Abstract
Background
Lung cancer is the leading cause of cancer-related death globally and in South Africa. Historically, the majority of patients diagnosed with lung cancer are incurable at presentation.
Objectives
To assess the tumour, nodes, metastasis (TNM) staging of lung cancer in a centre with access to both positron emission tomography-computed tomography (PET-CT) and endobronchial ultrasound-guided transbronchial needle aspiration (EBUS-TBNA) using a structured diagnostic approach and to compare results with a historical cohort from 2009 from the same hospital.
Methods
A retrospective descriptive observational study was performed using the registry of a high-volume tertiary hospital’s weekly multidisciplinary thoracic oncology meeting (MDT). A structured diagnostic approach was used for staging purposes. All patients with a tissue diagnosis of primary lung cancer and adequate imaging (chest CT and/or PET-CT) who presented at the MDT during the period from 1 January - 31 December 2019 were included. Final staging and tissue diagnoses were documented and compared with a historical cohort from 2009 from the same institution.
Results
Adenocarcinoma was the most common subtype (38.8%; n=116). Less than a tenth of patients (6.3%; n=16/254) with non-small cell lung cancer had potentially curable lung cancer (stage IA to IIIA) at presentation, significantly less than the 2009 cohort (14.5%; n=25/173; p=0.007). The most common procedure administered on patients was transthoracic needle aspiration (37.54%; n=112), followed by conventional bronchoscopic needle aspiration or biopsy (20.4%; n=61), and EBUS-TBNA (17.1%; n=51/299). After PET-CT, 19/30 cases were upstaged including 9/18 from potentially resectable to unresectable. Two of these cases were down-staged to potentially resectable following EBUS-TBNA.
Conclusion
There was a significant decline in resectable and potentially curable lung cancer at presentation over a 10-year period. PET-CT and EBUS-TBNA improved the accuracy of non-small cell lung cancer staging among patients with resectable and potentially curable lung cancer but have exposed a higher stage profile.

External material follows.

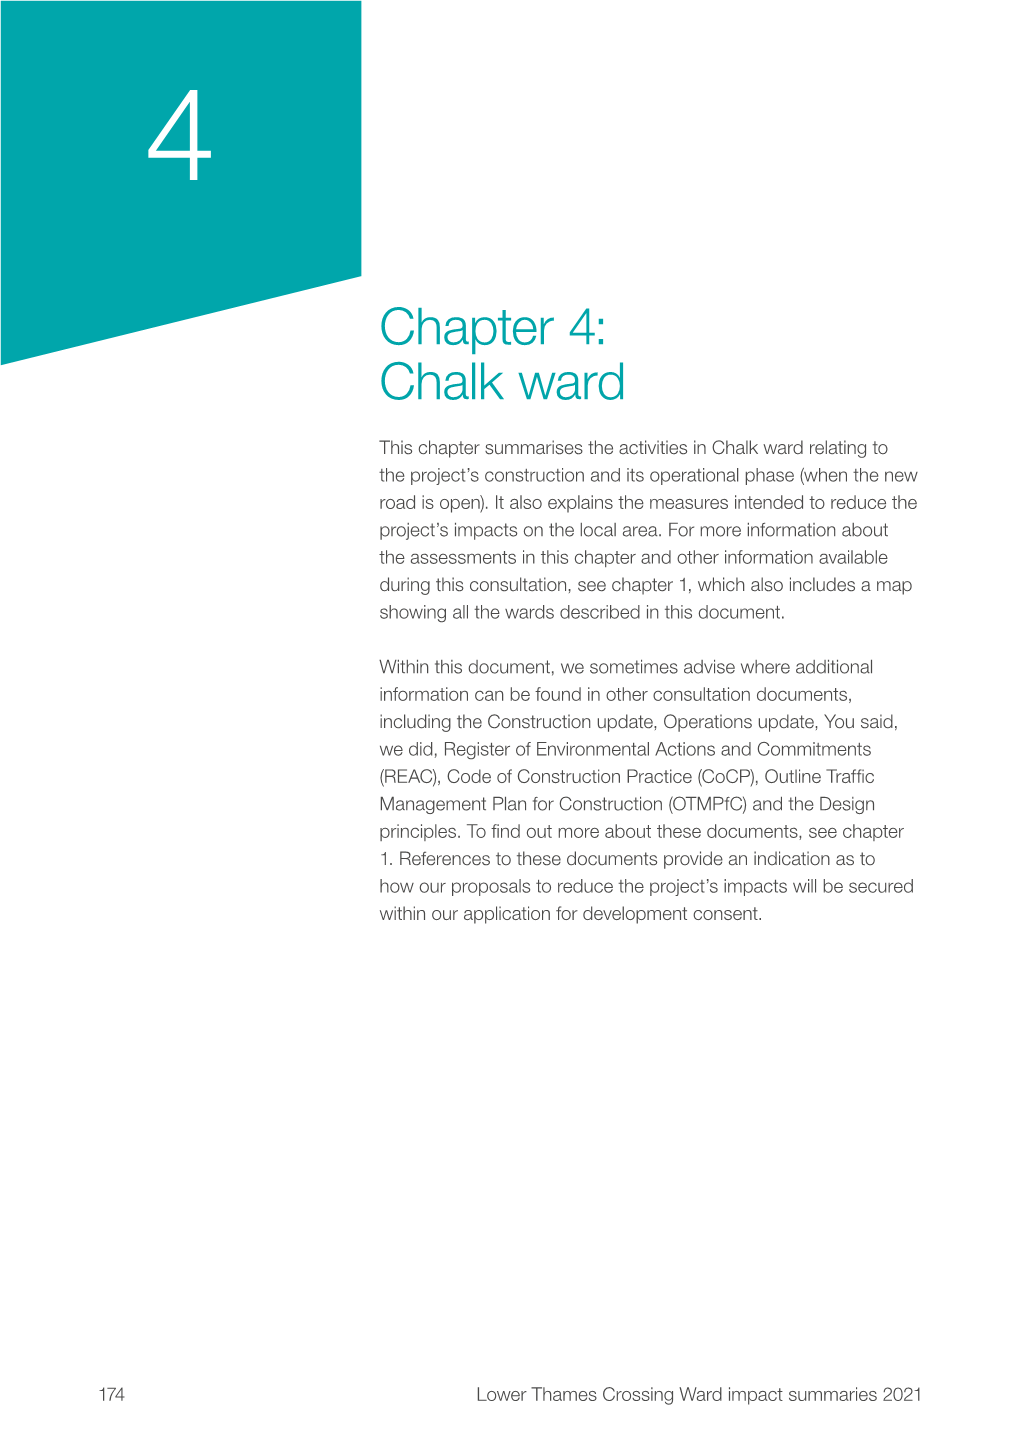 Chapter 4: Chalk Ward

Keywords: lung cancer, cancer staging, endobronchial ultrasound, positron emission tomography
Background
Lung cancer is the leading cause of cancer-related death in South Africa (SA) and globally.[1,2] Western Cape Province has the highest lung cancer mortality rate in the country at 27 per 100 000 population.[3] High rates of smoking, a large HIV burden and an array of occupational exposures contribute to the problem.[4,5]
A previous study at Tygerberg Hospital in Cape Town, SA, found that 14.5% of patients with non-small cell lung cancer were potentially curable at presentation (stage I to IIIA), with a much lower proportion of patients potentially resectable at presentation (6.2%).[6] The relatively low proportion was attributed to the long subclinical course and late presentation with clinically advanced tumours and diagnostic delay in a high tuberculosis (TB) burden setting.[6]
Lung cancer is currently staged according to the eighth edition of the International Union Against Cancer, Tumour, Node, Metastasis Classification staging system (TNM).[7] Patients with non-small cell lung cancer (NSCLC) who present with stage I and II disease are generally offered surgical resection and chemotherapy. Stage IIIA is managed with chemotherapy and radiotherapy with curative intent. Higher stage disease (stage IIIB to IVB) is typically offered palliation.[7] Positron emission tomography-computed tomography (PET-CT) scanning and endobronchial ultrasound-guided transbronchial needle aspiration (EBUS-TBNA) are now routinely employed in the staging of potentially curable lung cancer.[8] Malignant tumours are often highly metabolically active, with increased glucose metabolism and consequently, 18F-fluorodeoxyglucose (FDG) uptake can be detected as avidity on the PET-CT. Likewise, nodal spread and distant metastases that may not be apparent on routine CT may be detected as ‘hot spots’. As a staging modality, PET-CT has been shown to up-stage a proportion of patients with presumed curable lung cancer at presentation.[9–12] The modalities of PET-CT and EBUS-TBNA became readily available locally in 2012.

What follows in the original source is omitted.